|Title:||Psychometric Models for In-Classroom Observational Measures of Teaching with Applications to Value-Added Modeling|
|Principal Investigator:||Halpin, Peter||Awardee:||New York University|
|Program:||Statistical and Research Methodology in Education–Early Career [Program Details]|
|Award Period:||1½ years (9/1/14–2/29/16)||Award Amount:||$199,918|
|Type:||Methodological Innovation||Award Number:||R305D140035|
Value-added modeling is an approach to teacher evaluation that yields information about teacher performance as a function of student scores on standardized tests. While value-added modeling is based on student outcomes, this technique does not allow evaluators to focus on what teachers are doing or should be doing in their classrooms to influence those outcomes. Observational instruments offer the possibility of identifying in-classroom practices that are associated with student achievement. Recent research has found, however, that many of the instruments commonly used for in-classroom observation have poor reliability, and consequently they have also demonstrated poor validity against teachers’ value-added estimates. The latter problem is aggravated by the fact that the value-added estimates also contain a substantial degree of sampling error.

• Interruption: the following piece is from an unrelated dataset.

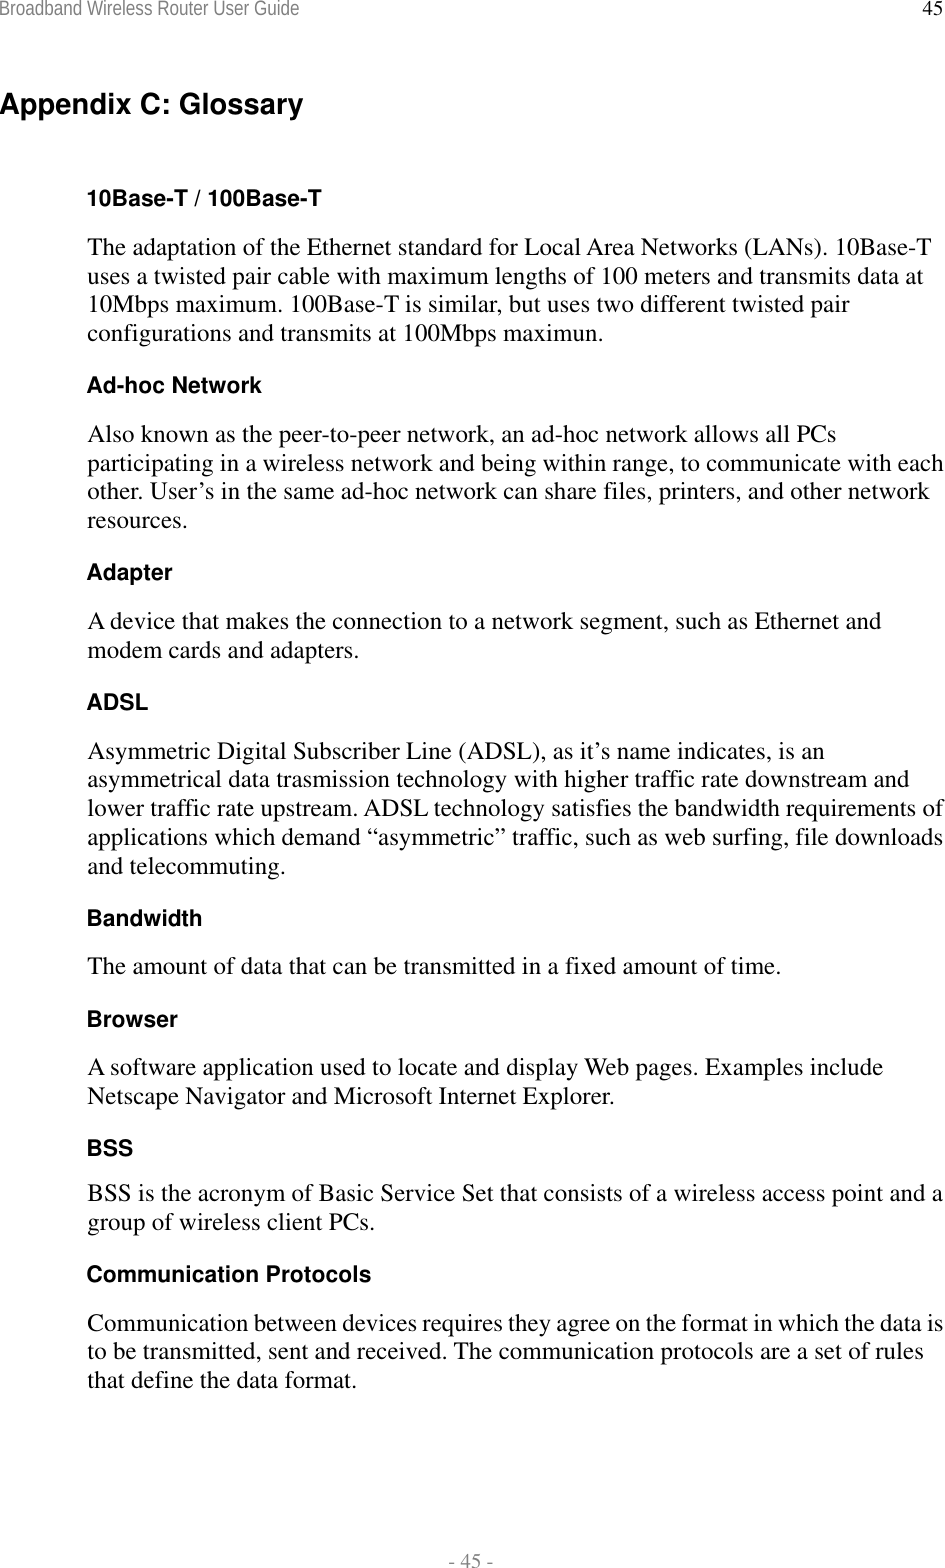 Broadband Wireless Router User Guide  - 45 - 45Appendix C: Glossary  10Base-T / 100Base-T The adaptation of the Ethernet standard for Local Area Networks (LANs). 10Base-T uses a twisted pair cable with maximum lengths of 100 meters and transmits data at 10Mbps maximum. 100Base-T is similar, but uses two different twisted pair configurations and transmits at 100Mbps maximun. Ad-hoc Network Also known as the peer-to-peer network, an ad-hoc network allows all PCs participating in a wireless network and being within range, to communicate with each other. User’s in the same ad-hoc network can share files, printers, and other network resources. Adapter A device that makes the connection to a network segment, such as Ethernet and modem cards and adapters. ADSL Asymmetric Digital Subscriber Line (ADSL), as it’s name indicates, is an asymmetrical data trasmission technology with higher traffic rate downstream and lower traffic rate upstream. ADSL technology satisfies the bandwidth requirements of applications which demand “asymmetric” traffic, such as web surfing, file downloads and telecommuting. Bandwidth The amount of data that can be transmitted in a fixed amount of time. Browser A software application used to locate and display Web pages. Examples include Netscape Navigator and Microsoft Internet Explorer. BSS BSS is the acronym of Basic Service Set that consists of a wireless access point and a group of wireless client PCs.  Communication Protocols Communication between devices requires they agree on the format in which the data is to be transmitted, sent and received. The communication protocols are a set of rules that define the data format.

In this study, researchers will apply latent class analysis to improve how the in-classroom observational instruments are scored and how they are incorporated into the value-added framework. First, researchers will apply psychometric methods to attempt to improve the reliability and validity of in-classroom observational measures of teaching, using academic and non-academic outcomes to gauge and to compare concurrent and predictive validity of the resulting models. Secondly, researchers will determine whether the improvements can yield advances in current research on teaching effectiveness, especially value-added modeling, by incorporating latent class assignment into prediction equations of teacher performance. Researchers will use data from two frequently used teacher and classroom observation instruments, Danielson’s Framework for Teachers and the Classroom Assessment Scoring SystemTM (CLASSTM), in the development and testing of psychometric approaches that incorporate latent class analysis into value-added modeling.
Journal article, monograph, or newsletter
Halpin, P.F., and Kieffer, M.J. (2015). Describing Profiles of Instructional Practice: A New Approach to Analyzing Classroom Observation Data. Educational Researcher, 44(5): 263–277.